In mapping case 3, the read 402c is treated to generate treated read 406c—where some instances of C in the read are transformed to T and others are not corresponding to whether or not the given C is methylated or unmethylated. The treated read 406c can be compared to reference 404c which is unmodified from a typical genome reference similar to reference 404a and 404b described. Comparison can be performed by, e.g., the comparison engine 114 of FIG. 1. The treated read 406c compared to the reference 404c results in 1 mismatch. The treated read 406c can also be compared to other references—e.g., modified reference 408b where Cs are transformed to T and modified reference 410 where Cs are transformed to T except in CpG regions. The former comparison results in 2 mismatches while the latter results in 0. In the context of FIG. 1, the control unit 104 could select modified reference 410 for compressing a mapping of the treated read 406c because it has fewer mismatches than the other reference used.

FIG. 5 is a diagram showing an example variant call format (VCF) code snippet. The diagram shows “REF” and “ALT” columns which exist in prior versions of VCF and are not suitable for reporting methylation—e.g., because such existing columns require specific data formats that are incompatible with methylation reporting, such as requirements to only include “A”, “C”, “G”, “T”, “N”, or “.” characters. The diagram includes “INFO”, “FORMAT”, and genotype (e.g., “NA00001”, “NA00002”, and “NA00003”) columns which can be used to report methylation information with new tags. The tag in the “INFO” column can be used to mark nucleotides on REF and ALT alleles, for which methylation level is reported. The tag in the “FORMAT” column with respective content in the genotype (“NA00001”, “NA00002”, and “NA00003”) fields can be introduced to report various methylation information, such as methylation level (μ), total number of reads covering a cytosine (n), difference of methylation levels on opposite strands for a CpG dinucleotide (δ), probability that this difference is zero (p), hemi-methylation level (h) with respective probability (p_h) that hemi-methylation level is zero.

By combining methylation information with variant identification in a single data structure, the enhanced VCF effectively compresses the amount of data required to store, display, or process variant information with an indication of methylation type. The enhanced VCF improves variant methylation compression by (i) enabling storage of methylation per variant—e.g., 5-methylcytosine, 5-hydroxymethylcytosine, N6-methyladenine, N4-methylcytosine, or a combination of these among others can be stored together with other variant information to reduce duplication of associated genetic mapping information, (ii) enabling storage of multiple methylation states—e.g., for one or more variants, (iii) enabling storage of cytosine methylation information that overlaps with variants—e.g., in a CpG region, (iv) enabling simultaneous reporting of variant and methylation to reduce data transferring, storage, and related processing, and (v) enabling storage of allele-specific methylation data.
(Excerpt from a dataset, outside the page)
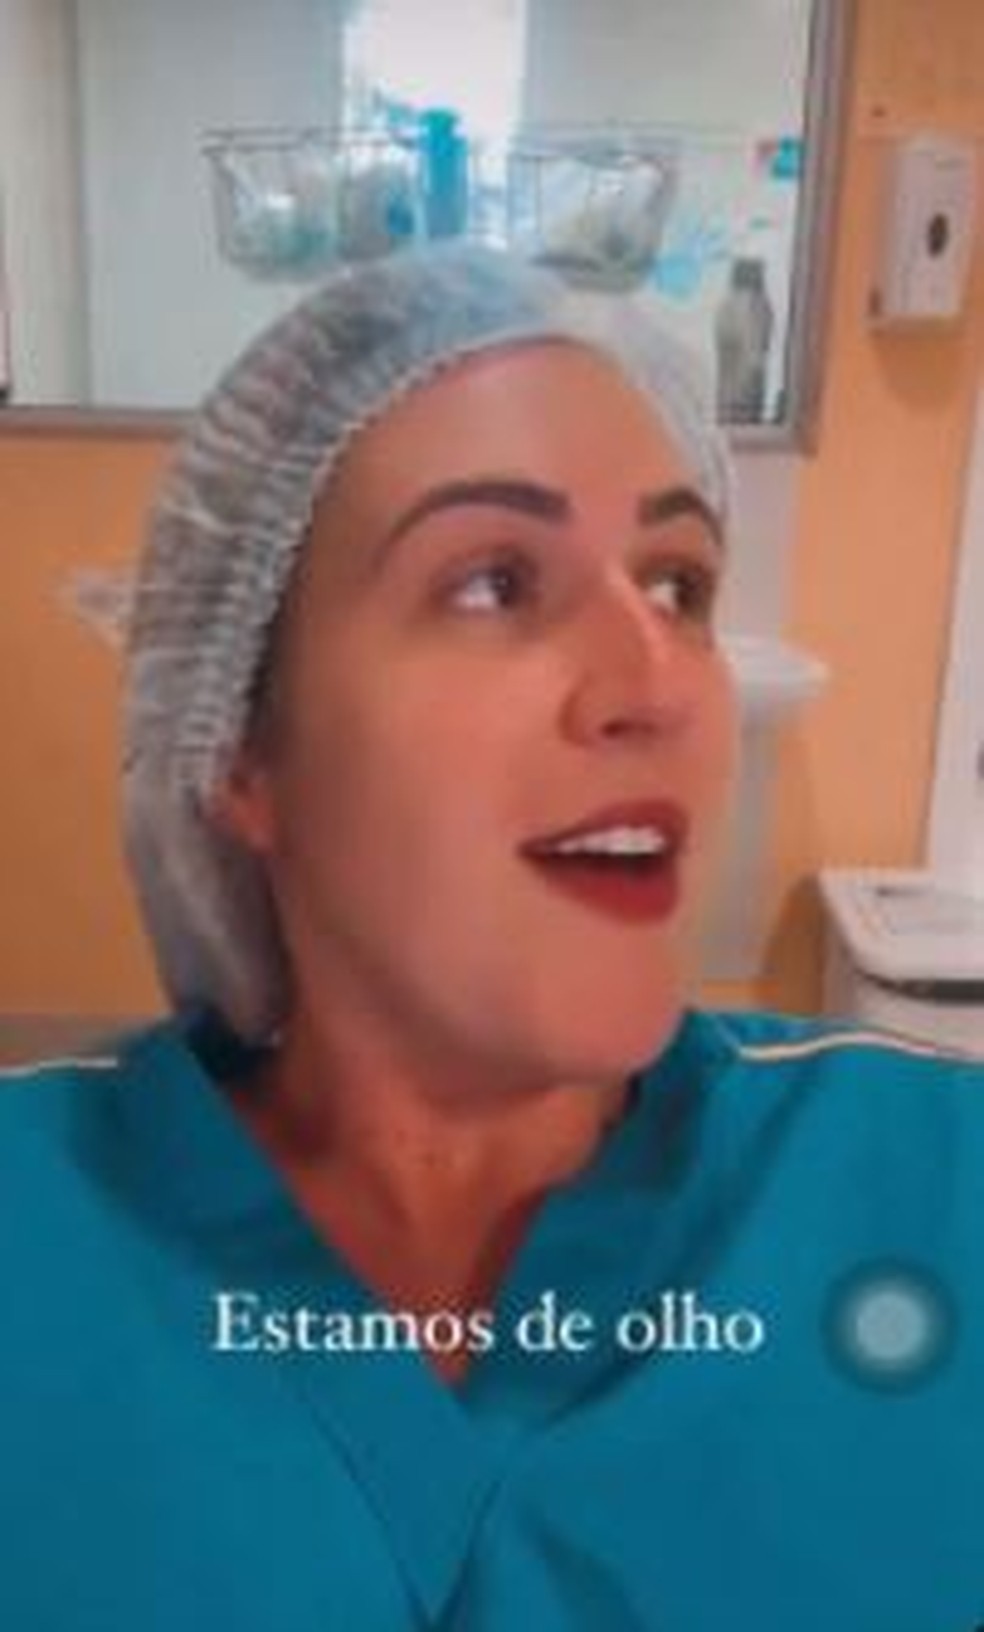 Enfermeira é alvo de investigação de hospital após publicar vídeo em que aparece sem máscara no trabalho — Foto: Reprodução/Instagram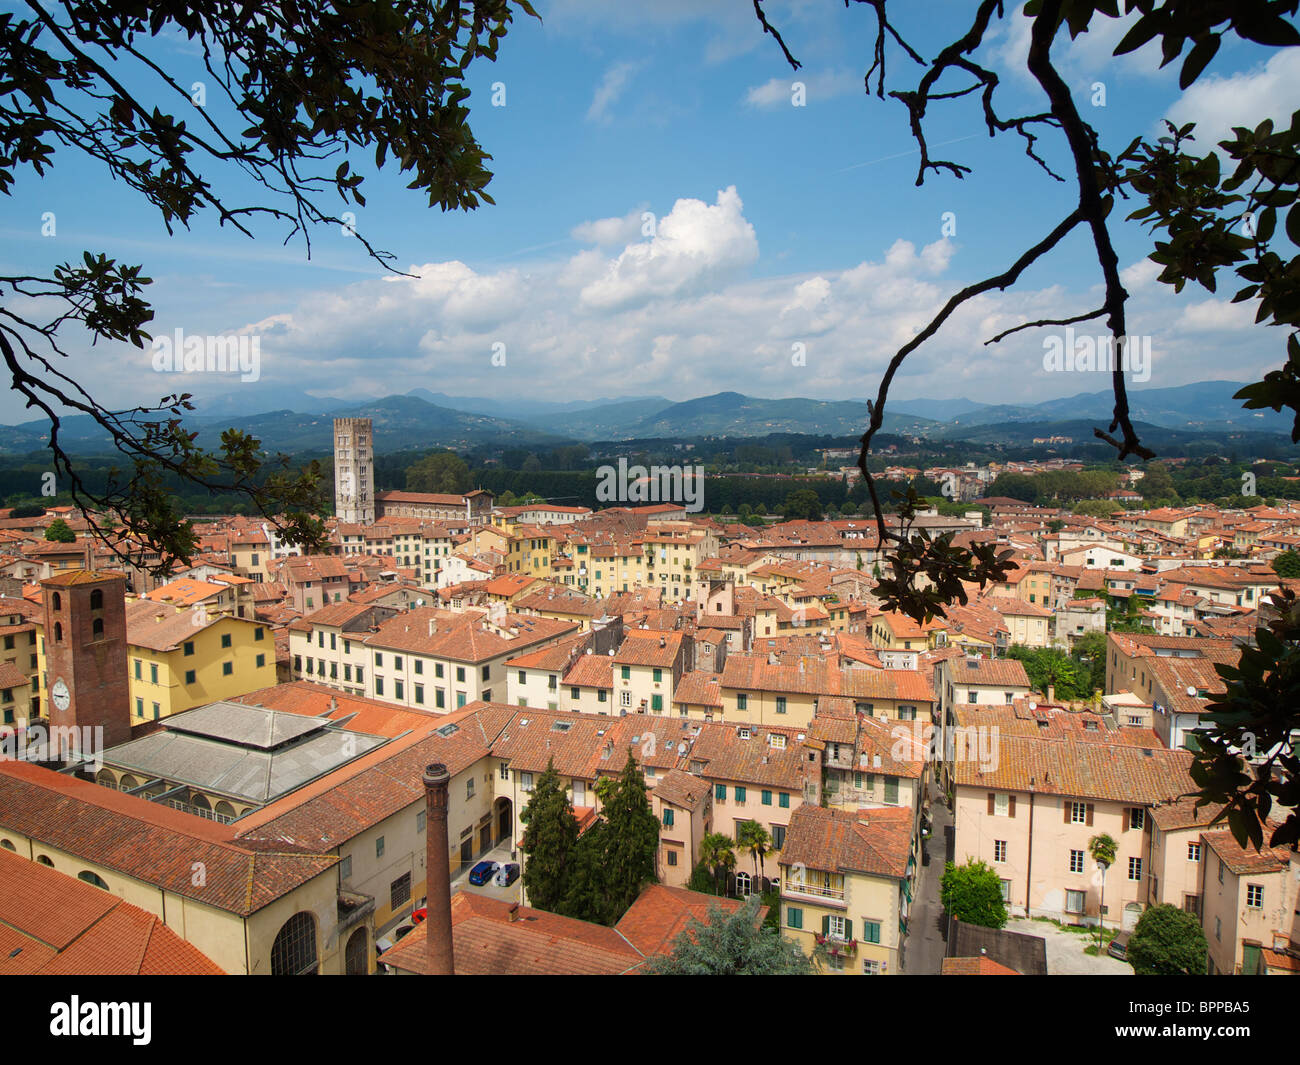 La storica città di Lucca visto dalla Torre Guinigi con la famosa Piazza amfiteatro nel centro. Toscana, Italia Foto Stock

A number of implementations have been described. Nevertheless, it will be understood that various modifications may be made without departing from the spirit and scope of the disclosure. For example, various forms of the flows shown above may be used, with operations re-ordered, added, or removed.

Implementations of the subject matter and the functional operations described in this specification can be implemented in digital electronic circuitry, in tangibly-embodied computer software or firmware, in computer hardware, including the structures disclosed in this specification and their structural equivalents, or in combinations of one or more of them. Implementations of the subject matter described in this specification can be implemented as one or more computer programs, i.e., one or more modules of computer program instructions encoded on a tangible non-transitory program carrier for execution by, or to control the operation of, data processing apparatus. Alternatively, or in addition, the program instructions can be encoded on an artificially-generated propagated signal, e.g., a machine-generated electrical, optical, or electromagnetic signal, that is generated to encode information for transmission to suitable receiver apparatus for execution by a data processing apparatus. The computer storage medium can be a machine-readable storage device, a machine-readable storage substrate, a random or serial access memory device, or a combination of one or more of them.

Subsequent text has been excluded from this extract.